B. Bujoli, J-M. Bouler, P. Janvier, I. Khairoun, V. Schnitzler (Nantes, France)
INTRODUCTION: Many groups in industry and academia worldwide are actively developing drug/medical device combination products for local drug therapies and infection prophylaxis. The use of such combined devices in orthopedics represents an emerging promising field, in particular for those based on calcium phosphates (CaP). In this context, calcium phosphate cements (CPCs) have been considered as carriers for local and controlled supply of various drugs, thus potentially providing a reliable means of producing efficient pharmacological effects only to specifically intended target sites. In particular, such an approach could be of interest in the case of osteoporosis.
METHODS: The optimized CPC formulation had the following composition for the solid phase: a-TCP (Ca3(PO4)2, 78 wt%), DCPD (CaHPO4.2H2O, 5 wt%), MCPM (Ca(H2PO4)2.H2O, 5 wt%), 0.67wt% alendronate-doped CDA (Ca10-x[ ]x(HPO4)y(PO4)6-y(OH)2-z[ ]z, 10 wt%) prepared as reported previously1, hydroxypropyl methyl cellulose [HPMC] (2 wt%). The liquid phase consists in a 5 wt% Na2HPO4 solution, with a liquid/powder ratio of 0.5 mL g-1.

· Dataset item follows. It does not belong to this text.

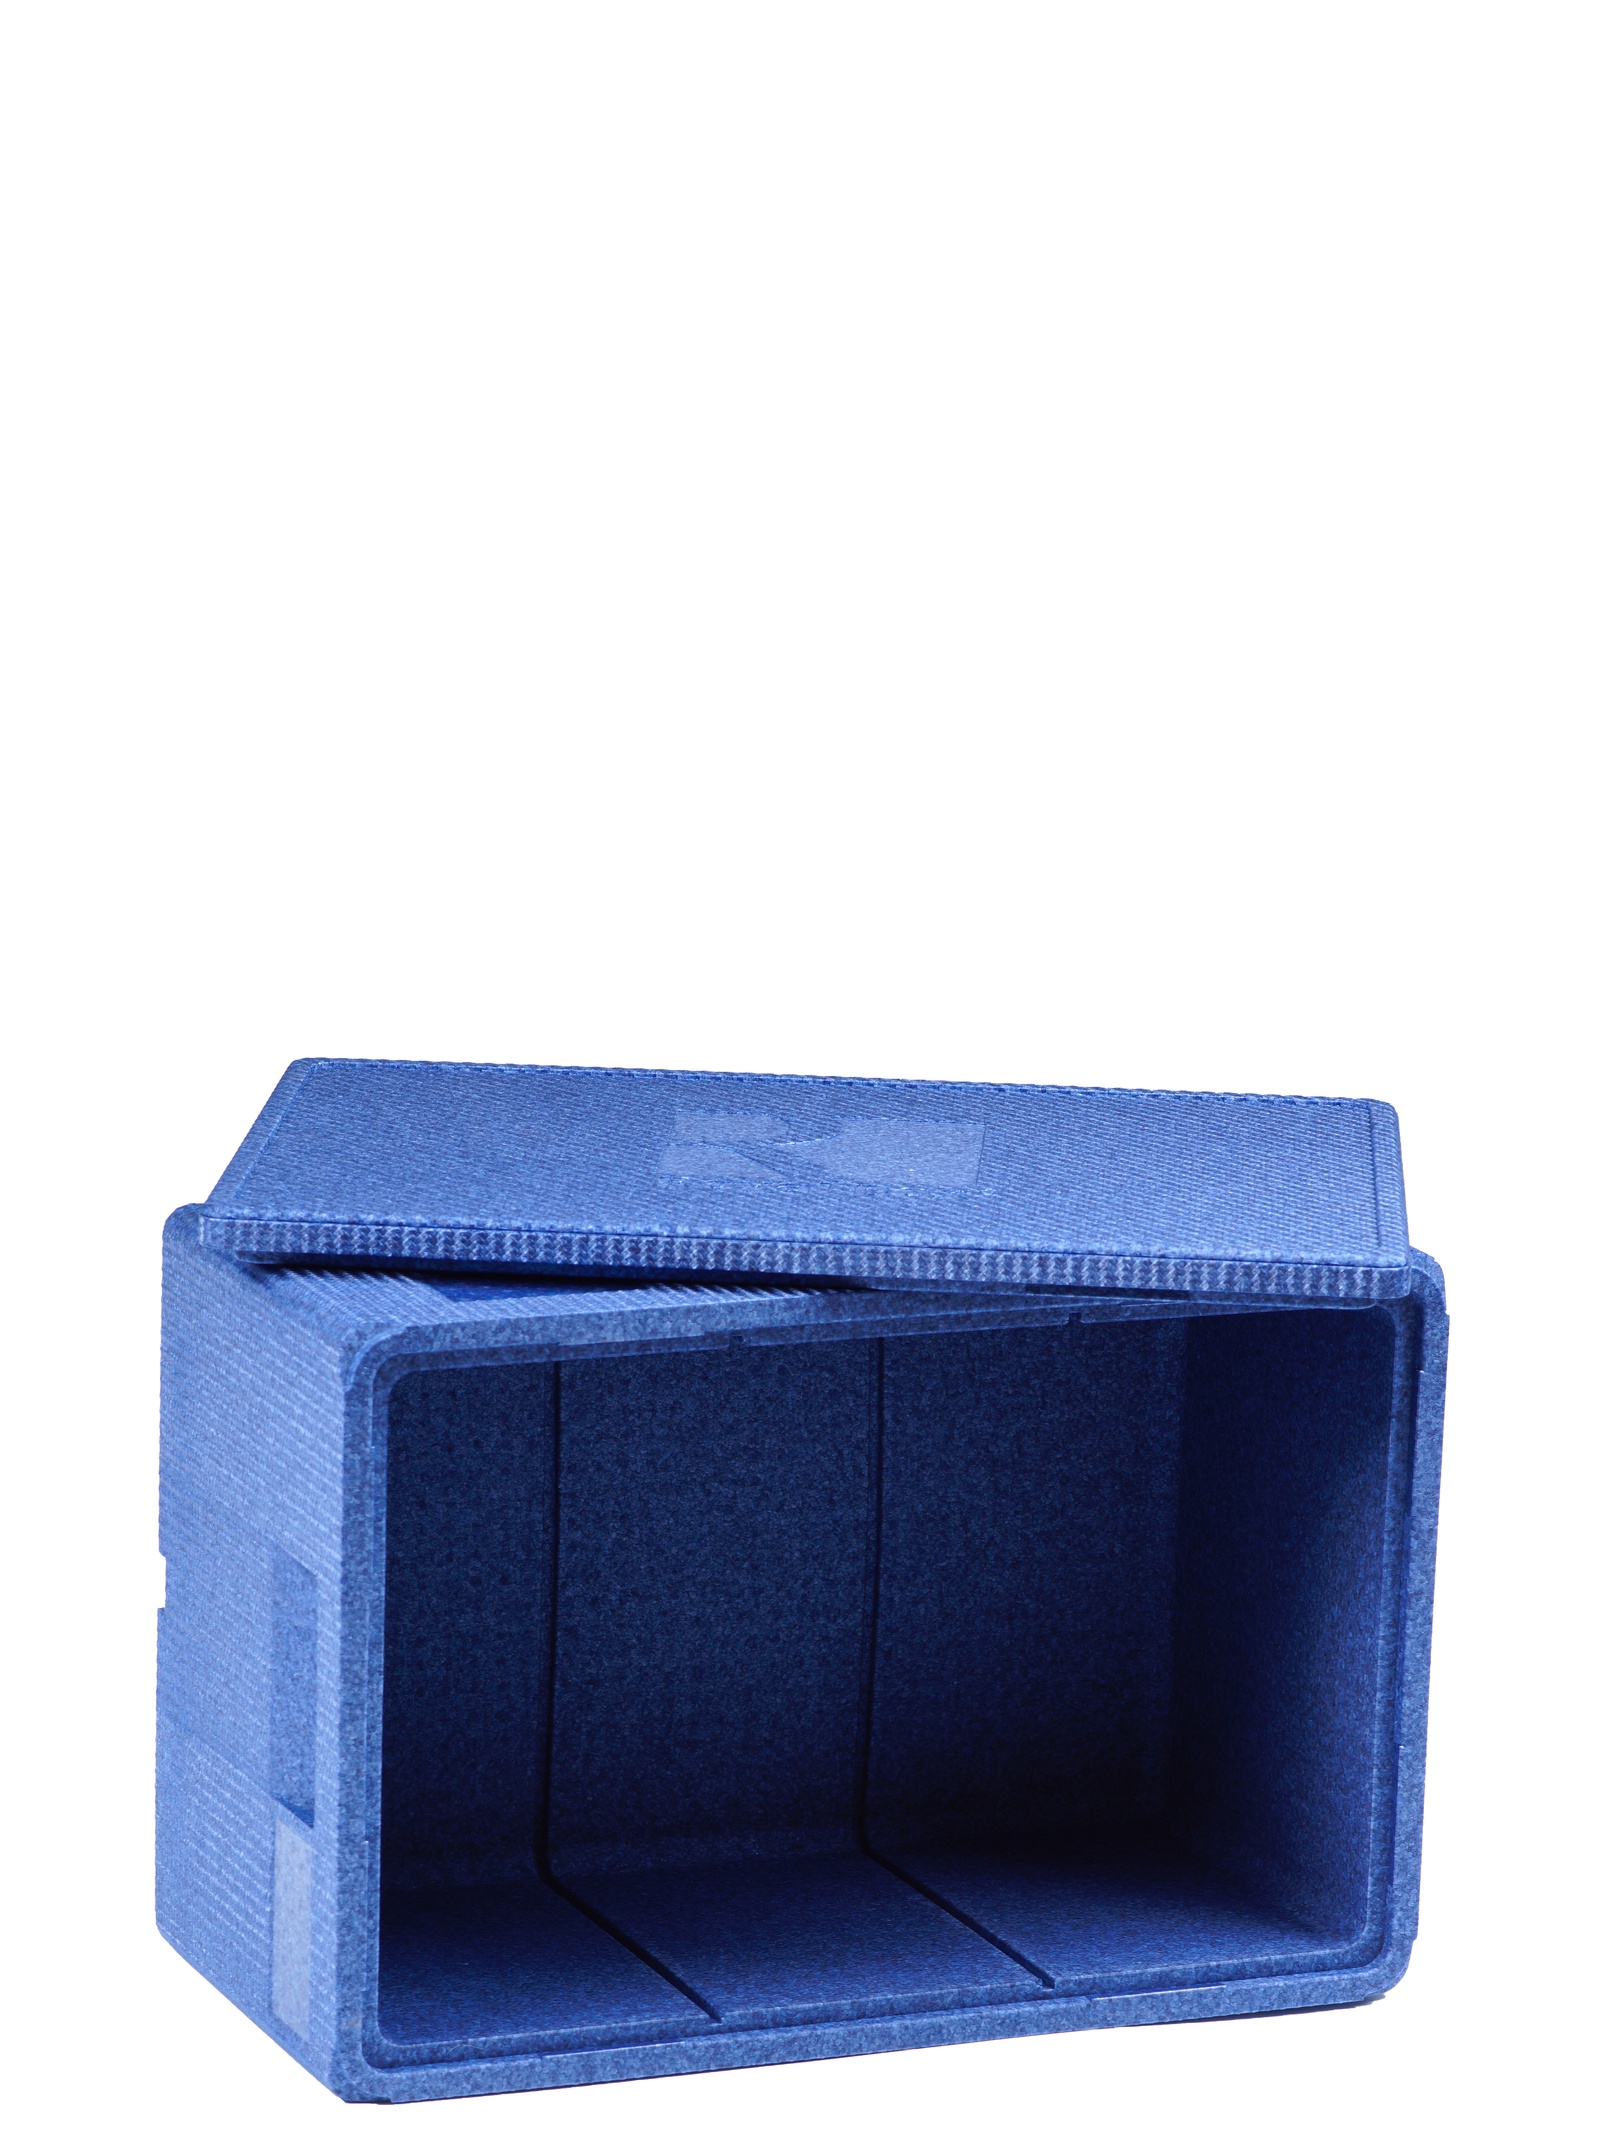 Изотермический контейнер Royal Box Unique синий, 23л

RESULTS: Our purpose was to design an injectable CPC-based medical device capable of providing mechanical bone reinforcement and delivering bisphosphonate BP antiresorptive drugs, for the prevention of the osteoporotic fracture. Indeed, cement augmentation of the proximal femur by minimally invasive surgery (femoroplasty) may increase mechanical stability and reduce fracture risk as the primary effect, in addition to the ancillary action of the BP itself. Accordingly, we have examined whether BPs (e.g. Alendronate) can be incorporated in a CPC cement, without affecting the properties of the curing and cured cement (injectability, setting time, resorbability, strength). Various Alendronate-loading (up to 0.40 wt% with respect to the solid phase) were investigated, for which the BP was introduced under five different conditions: (i) dissolved in the liquid phase (ii) added to the ground solid phase (iii) or combined to one of the calcium phosphate components of the solid phase (i.e. a-TCP, CDA, DCPD).

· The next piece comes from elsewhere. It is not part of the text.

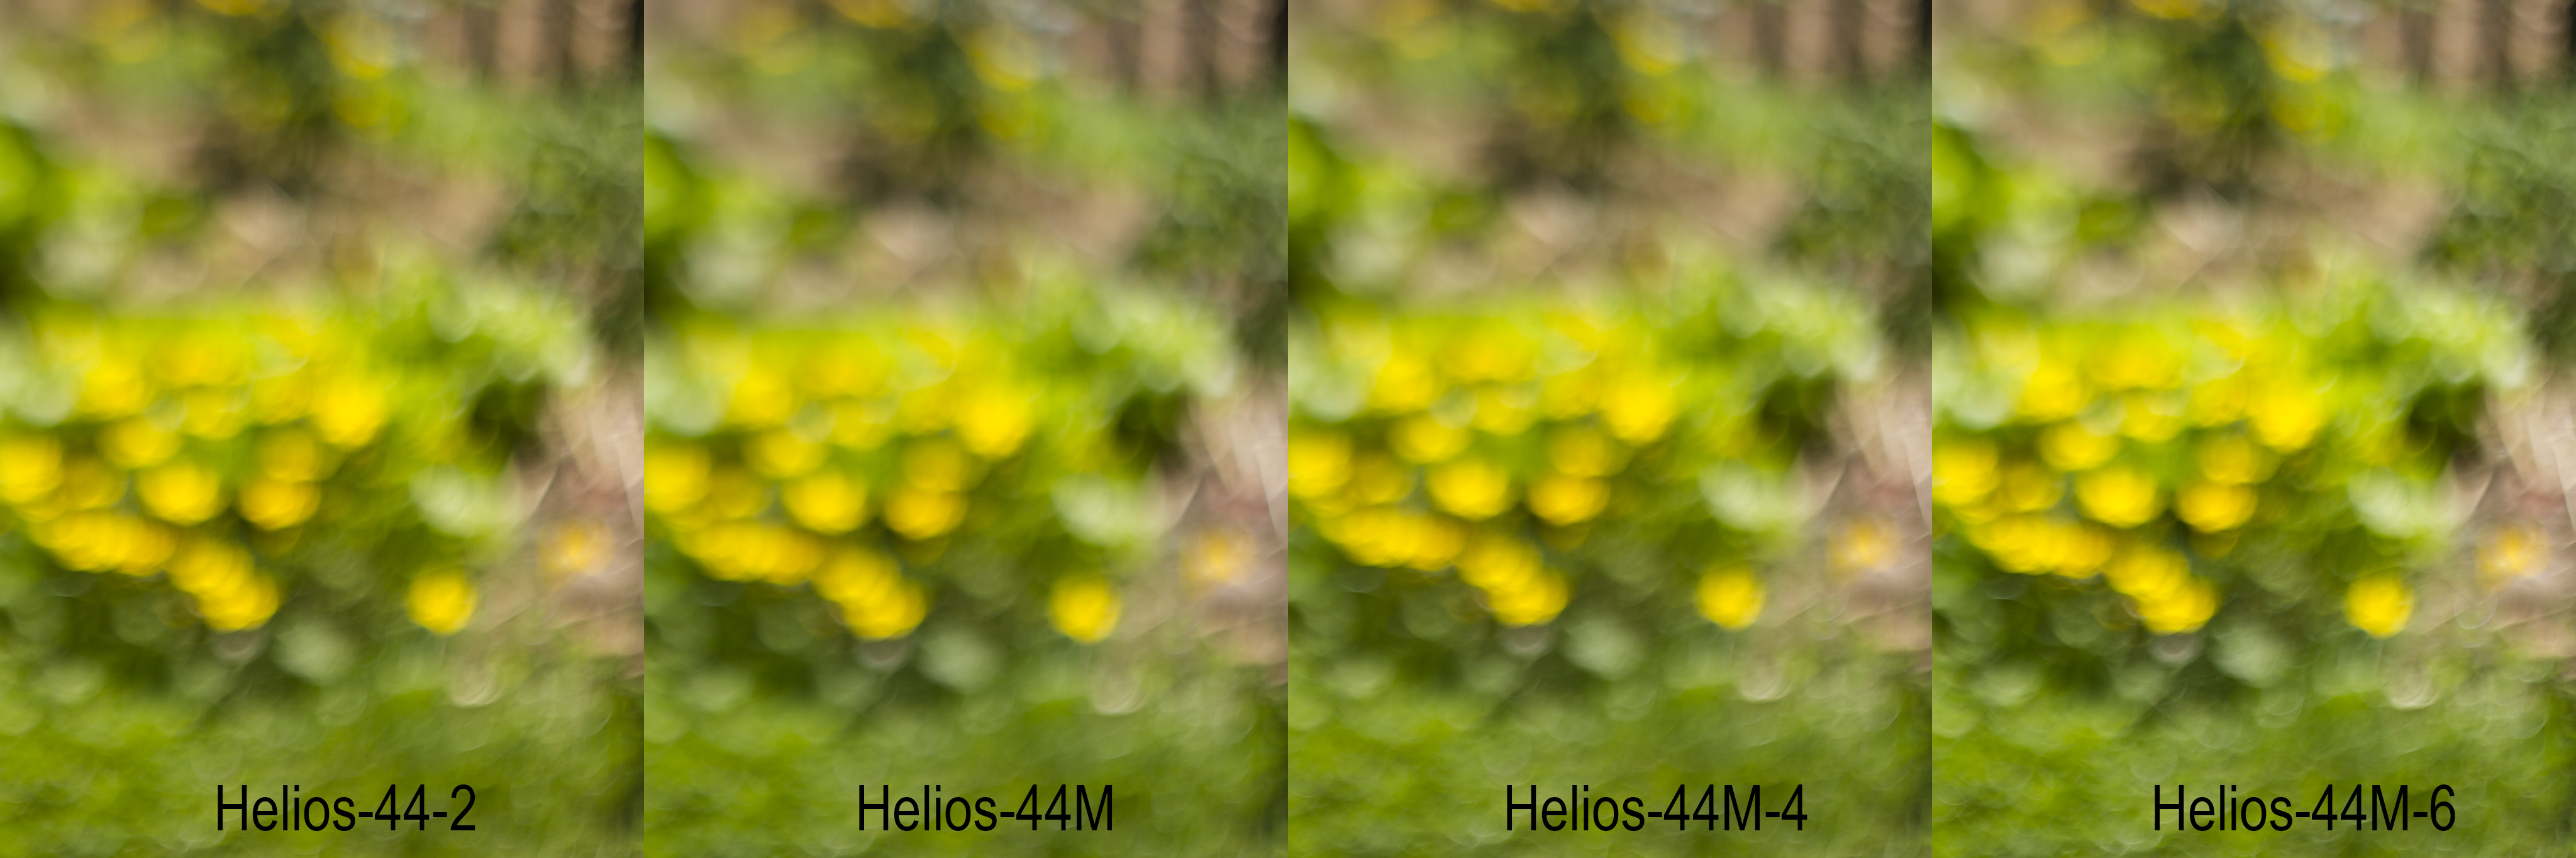 Comparatif entre les bokehs des Helios 44-2, 44M, 44M-4 et 44M-6

CONCLUSIONS: Not surprisingly, the Alendronate doping increases the setting time at 20_C regardless and independent of the method used for its incorporation, while this trend becomes more and more significant as the BP-loading increases. However, the retarding effect of the BP on the setting time was found to be limited when combined to CDA. Accordingly, an optimized CPC formulation2 (see experimental method) was thus obtained, showing a short cohesion time along with setting times appropriate for pre-clinical uses (initial setting time (37_C): 5-7 min.; final setting time (37_C): 15-18 min.). Cement augmentation of the proximal femur was performed with this BP-loaded CPC, using an osteoporosis animal model (ewe), and investigation of the in vivo properties of the implant is currently under progress.
REFERENCES: 1- Roussiere, H.; Montavon, G.; Samia, L. B.; Janvier, P.; Alonso, B.; Fayon, F.; Petit, M.; Massiot, D.; Bouler, J. M.; Bujoli, B. J. Mater. Chem. 2005, 15, 3869.
2- Bouler, J.-M.; Bujoli, B.; Janvier, P.; Khairoun, I.; Argenson, J.-N. Patent WO2008098959 (2008-08-21).
ACKNOWLEDGEMENTS: This work was supported by ANR “RNTS 2005” and the Graftys company.